- Date: 24–30 July
- Edition: 3rd
- Surface: Clay
- Location: Verona, Italy

Champions

Singles
- Vít Kopřiva

Doubles
- Federico Gaio / Andrea Pellegrino
| Internazionali di Tennis Città di Verona |

= 2023 Internazionali di Tennis Città di Verona =

The 2023 Internazionali di Tennis Città di Verona was a professional tennis tournament played on clay courts. It was the third edition of the tournament which was part of the 2023 ATP Challenger Tour. It took place in Verona, Italy between 24 and 30 July 2023.

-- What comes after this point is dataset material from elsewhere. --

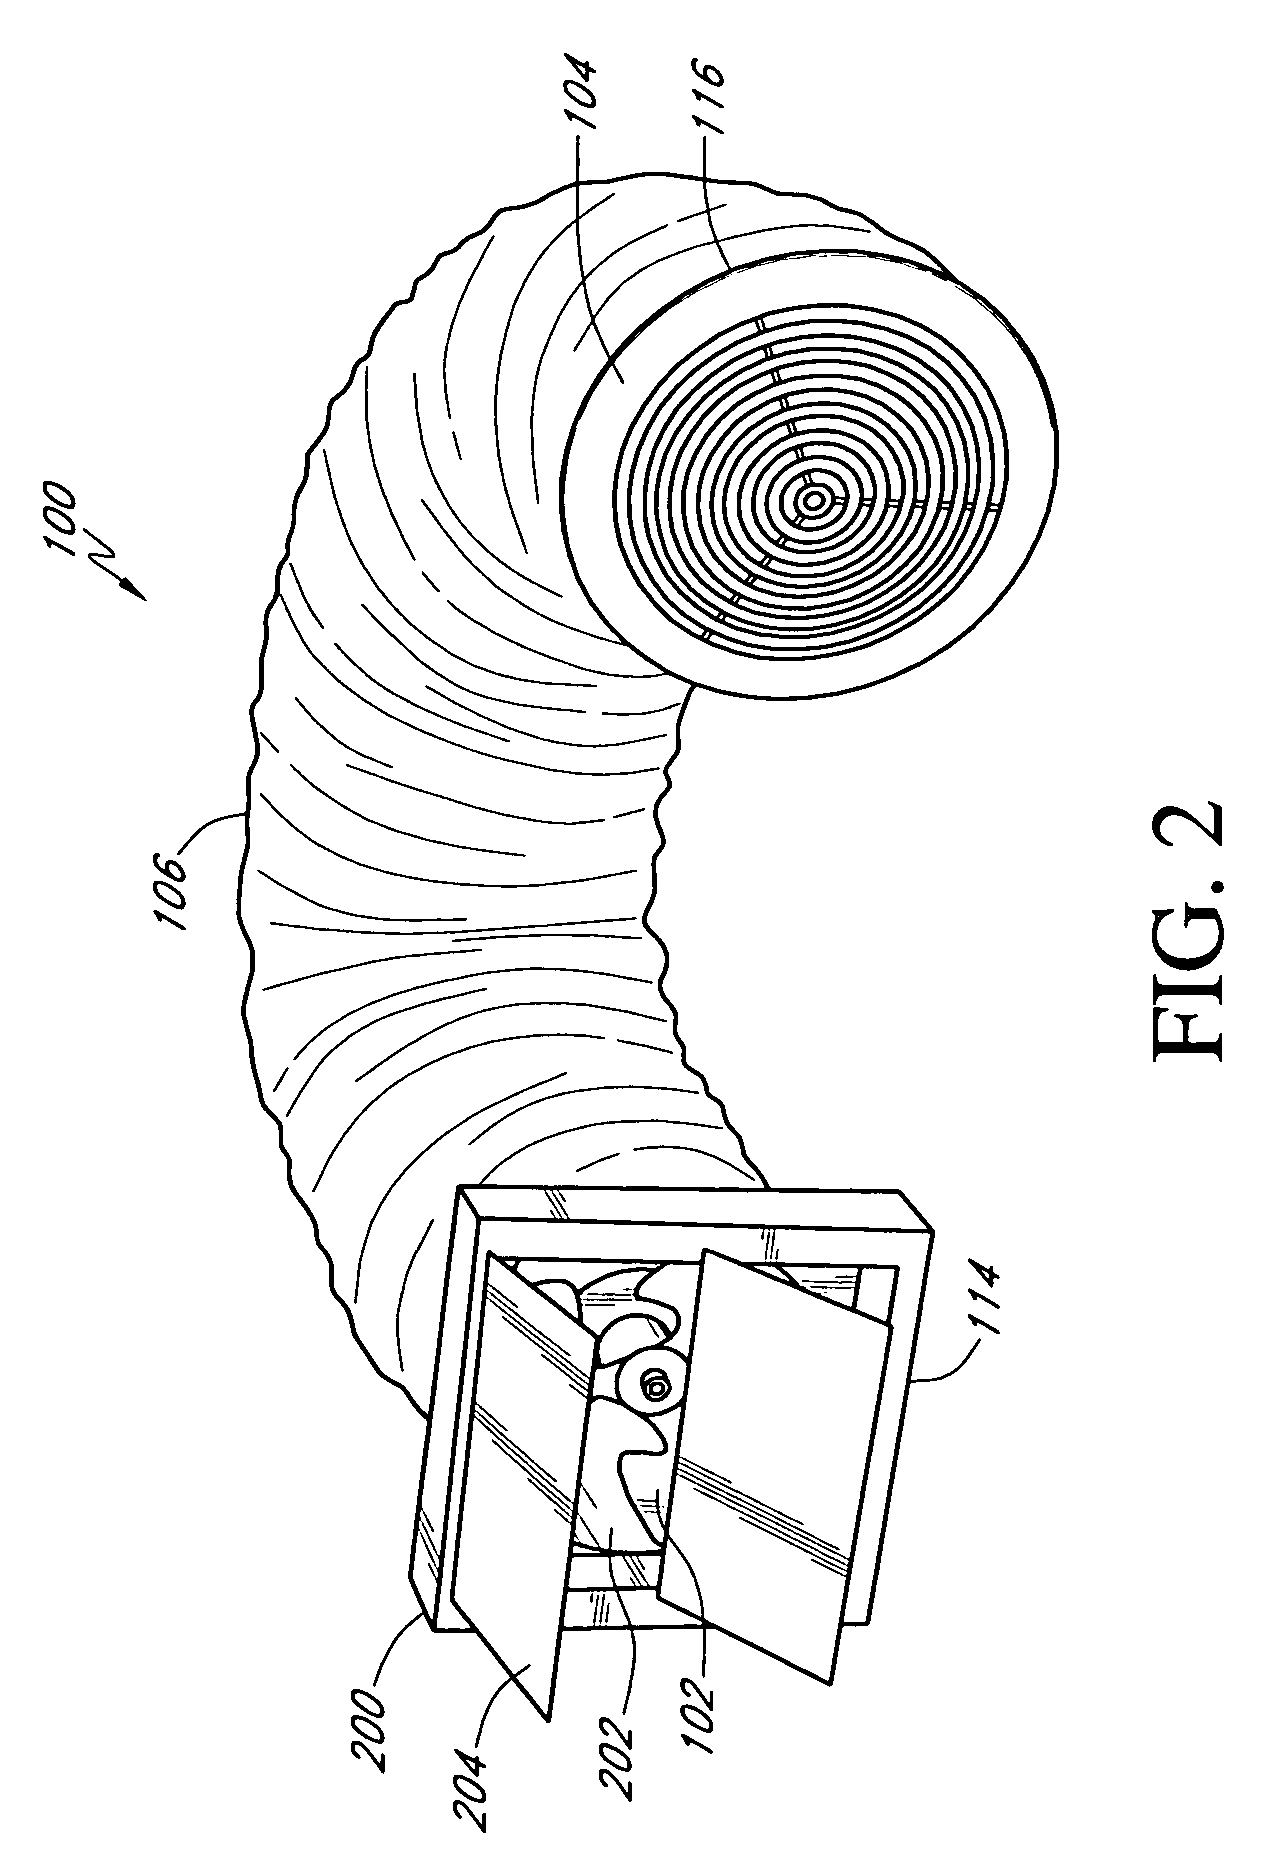 Whole house fan system and methods of installation

==Singles main draw entrants==
===Seeds===

| Country | Player | Rank^{1} | Seed |
|---|---|---|---|
| BEL | David Goffin | 111 | 1 |
| FRA | Hugo Gaston | 120 | 2 |
| ESP | Pedro Martínez | 127 | 3 |
| FRA | Benoît Paire | 131 | 4 |
| ITA | Francesco Passaro | 156 | 5 |
| AUS | Marc Polmans | 170 | 6 |
| ARG | Camilo Ugo Carabelli | 178 | 7 |
| ARG | Genaro Alberto Olivieri | 179 | 8 |
| UKR | Vitaliy Sachko | 187 | 9 |

- ^{1} Rankings as of 17 July 2023.

===Other entrants===
The following players received wildcards into the singles main draw:
- ESP Pedro Martínez
- ESP Carlos Taberner
- CZE Jiří Veselý

The following player received entry into the singles main draw as a special exempt:
- FRA Hugo Gaston

The following players received entry into the singles main draw as alternates:
- ITA Salvatore Caruso
- LIB Benjamin Hassan
- CZE Vít Kopřiva

The following players received entry from the qualifying draw:
- FRA Mathias Bourgue
- ITA Stefano Napolitano
- AUT Lukas Neumayer
- FRA Valentin Royer
- TPE Tseng Chun-hsin
- ITA Samuel Vincent Ruggeri

The following player received entry as a lucky loser:
- NED Max Houkes

== Champions ==
=== Singles ===

- CZE Vít Kopřiva def. UKR Vitaliy Sachko 1–6, 7–6^{(7–3)}, 6–2.

=== Doubles ===

- ITA Federico Gaio / ITA Andrea Pellegrino def. BRA Daniel Dutra da Silva / DOM Nick Hardt 7–6^{(8–6)}, 6–2.